Kronos, though, played the bulk of the program. Peni Candra Rini’s Maduswara, arranged by Jacob Garchik, was an utterly charming piece that teased at exotica. A prerecorded track with electronic frogs and crickets called Martin Denny to mind. Dissonant motifs and a lovely passage evoking gentle rain, small drums and gongs added to the scene. Aruna Narayan’s Mishra Pilu (arranged by Reena Esmail) likewise used an evocative backing track: in this case a shruti box supporting a round robin of melody lines set in a raga format, with some convincingly tabla-like percussion tapped out by Sunny Yang on her cello.
On the complexity tip, Inti Figgis-Vizueta’s branching patterns (which, like Rini and Narayan’s pieces, was receiving its premiere) was a brain-tingling structure, impressively fracturing into shards of melody and rich harmonies. Sky Macklay’s enthralling Vertebrae cast suspenseful false-harmonic arpeggios against frenetic mismatched lines, finding unison only at the end.
With Little Black Book, Intelligent Dance Music producer Jlin kept a trace of the heavy beats she usually works with by way of a large bass drum and pedal, which Yang was tasked with playing. Little Black Book didn’t strongly reflect Jlin’s electronic music, although parallels were there, but it was one of the most exciting pieces on the program. Jlin wasn’t the only composer from outside the concert music realm. Before Kronos took the stage, the Kodak Quartet played Séraphîta by Trey Spruance, best known as a member of the rock bands Mr. Bungle and Secret Chiefs 3.

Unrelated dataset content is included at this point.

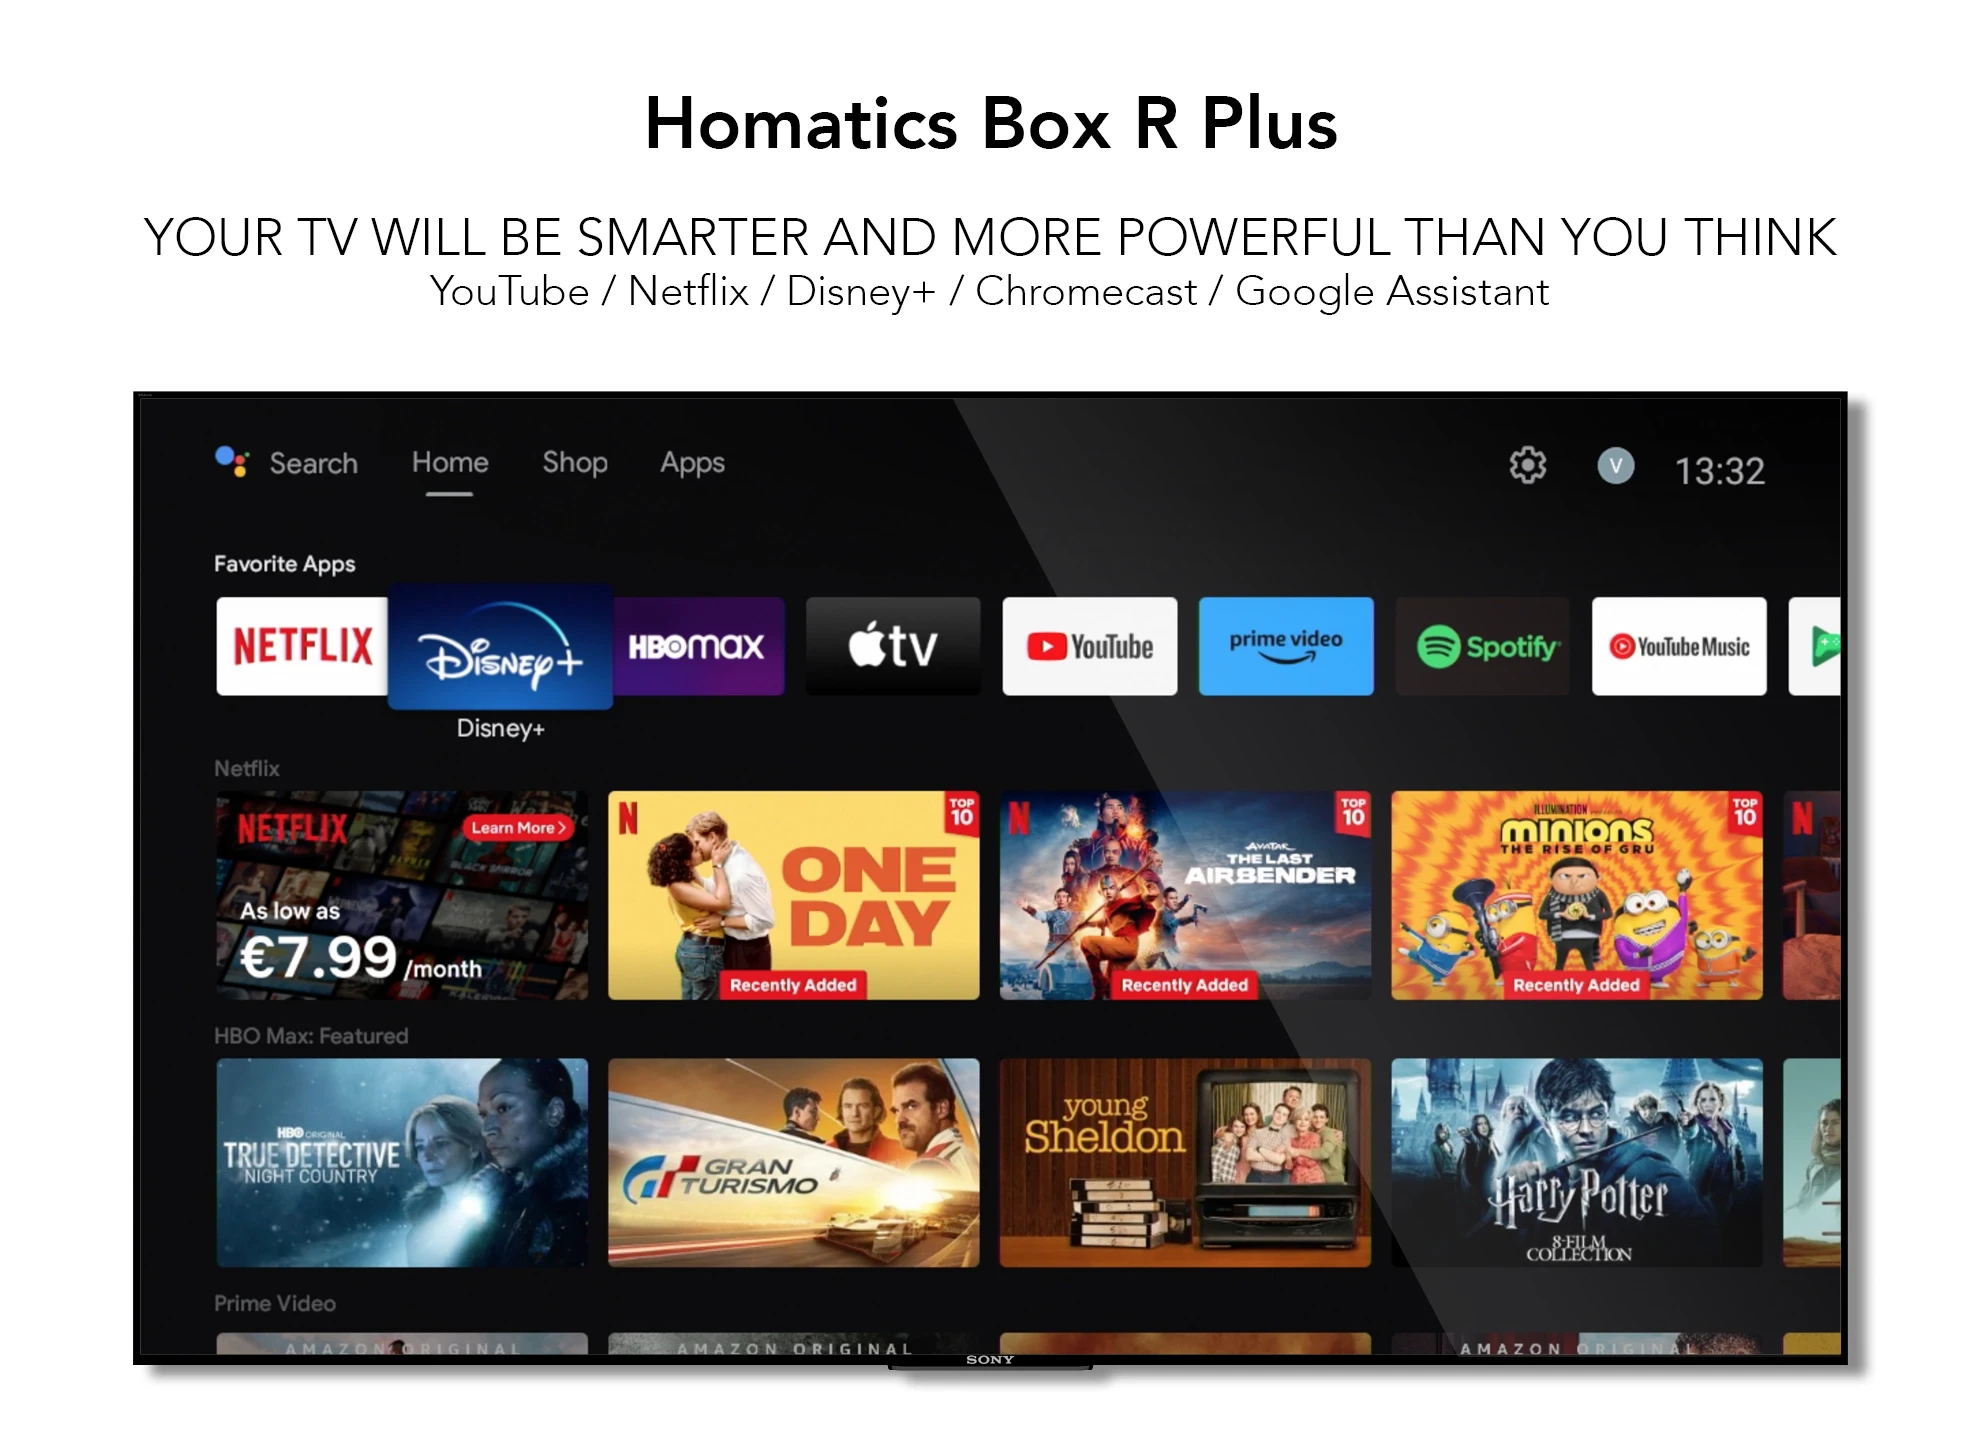 Homatics Box R 4K Plus 4GB/32GB Wifi 6 - Android TV

To call Philip Glass’s music "cinematic" would be nothing profound given his extensive work for film, and to suggest it was a closing theme for an imaginary credit roll would seem dismissive. His Quartet Satz, also a 50 for the Future commission, was dramatic and expansive, with no undue sentiment afforded by the opportunity given to the 16 student musicians who joined Kronos in a bass-less string orchestra. The piece, expanded from its original quartet version, made for a fitting finale.